Spanner to Cloud Storage Text template

The Spanner to Cloud Storage Text template is a batch pipeline that reads in data from a Spanner table, and writes it to Cloud Storage as CSV text files.

Pipeline requirements

The input Spanner table must exist before running the pipeline.

Template parameters

Required parameters

spannerTable: The Spanner table to read the data from.
spannerProjectId: The ID of the Google Cloud project that contains the Spanner database to read data from.
spannerInstanceId: The instance ID of the requested table.
spannerDatabaseId: The database ID of the requested table.
textWritePrefix: The Cloud Storage path prefix that specifies where the data is written. For example, gs://mybucket/somefolder/.

Optional parameters

csvTempDirectory: The Cloud Storage path where temporary CSV files are written. For example, gs://your-bucket/your-path.
spannerPriority: The request priority (https://cloud.google.com/spanner/docs/reference/rest/v1/RequestOptions) for Spanner calls. Possible values are HIGH, MEDIUM, LOW. The default value is MEDIUM.
spannerHost: The Cloud Spanner endpoint to call in the template. Only used for testing. For example, https://batch-spanner.googleapis.com. Defaults to: https://batch-spanner.googleapis.com.
spannerSnapshotTime: The timestamp that corresponds to the version of the Spanner database that you want to read from. The timestamp must be specified in the RFC 3339 (https://tools.ietf.org/html/rfc3339) UTC Zulu Time format. The timestamp must be in the past and maximum timestamp staleness (https://cloud.google.com/spanner/docs/timestamp-bounds#maximum_timestamp_staleness) applies. For example, 1990-12-31T23:59:60Z. Defaults to empty.
dataBoostEnabled: Set to true to use the compute resources of Spanner Data Boost to run the job with near-zero impact on Spanner OLTP workflows. When true, requires the spanner.databases.useDataBoost Identity and Access Management (IAM) permission. For more information, see Data Boost overview (https://cloud.google.com/spanner/docs/databoost/databoost-overview). Defaults to: false.

Run the template

Console

Go to the Dataflow Create job from template page.

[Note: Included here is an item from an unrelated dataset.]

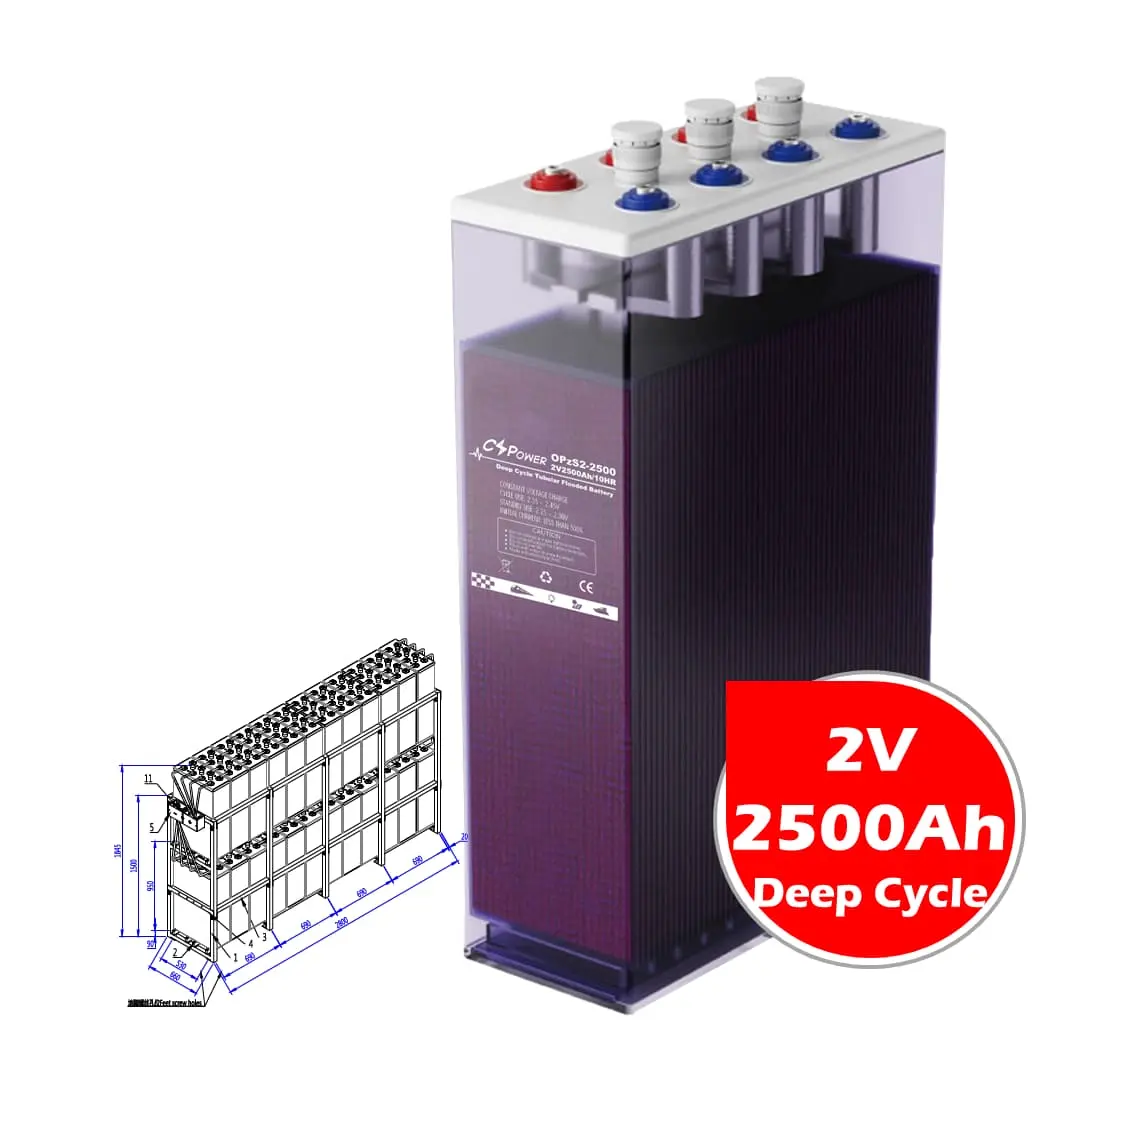 Cspower 2V 2500ah nhiệt độ cao hình ống opzs Pin cho năng lượng mặt trời biến tần Trung Quốc nhà máy OPzV2-2500 24opzs2500 VS leoch rit

Go to Create job from template

In the Job name field, enter a unique job name.
Optional: For Regional endpoint, select a value from the drop-down menu. The default region is us-central1.
For a list of regions where you can run a Dataflow job, see Dataflow locations.
From the Dataflow template drop-down menu, select the Cloud Spanner to Text Files on Cloud Storage template.
In the provided parameter fields, enter your parameter values.
Click Run job.

gcloud

In your shell or terminal, run the template:

gcloud dataflow jobs run JOB_NAME \
    --gcs-location gs://dataflow-templates-REGION_NAME/VERSION/Spanner_to_GCS_Text \
    --region REGION_NAME \
    --parameters \
spannerProjectId=SPANNER_PROJECT_ID,\
spannerDatabaseId=DATABASE_ID,\
spannerInstanceId=INSTANCE_ID,\
spannerTable=TABLE_ID,\
textWritePrefix=gs://BUCKET_NAME/output/

Replace the following:

JOB_NAME: a unique job name of your choice
VERSION: the version of the template that you want to use
You can use the following values:
- latest to use the latest version of the template, which is available in the non-dated parent folder in the bucket— gs://dataflow-templates-REGION_NAME/latest/
- the version name, like 2023-09-12-00_RC00, to use a specific version of the template, which can be found nested in the respective dated parent folder in the bucket— gs://dataflow-templates-REGION_NAME/
Caution: The latest version of templates might update with breaking changes. Your production environments should use templates kept in the most recent dated parent folder to prevent these breaking changes from affecting your production workflows.
REGION_NAME: the region where you want to deploy your Dataflow job—for example, us-central1
SPANNER_PROJECT_ID: the Google Cloud project ID of the Spanner database from which you want to read data
DATABASE_ID: the Spanner database ID
BUCKET_NAME: the name of your Cloud Storage bucket
INSTANCE_ID: the Spanner instance ID
TABLE_ID: the Spanner table ID

API

To run the template using the REST API, send an HTTP POST request. For more information on the API and its authorization scopes, see projects.templates.launch.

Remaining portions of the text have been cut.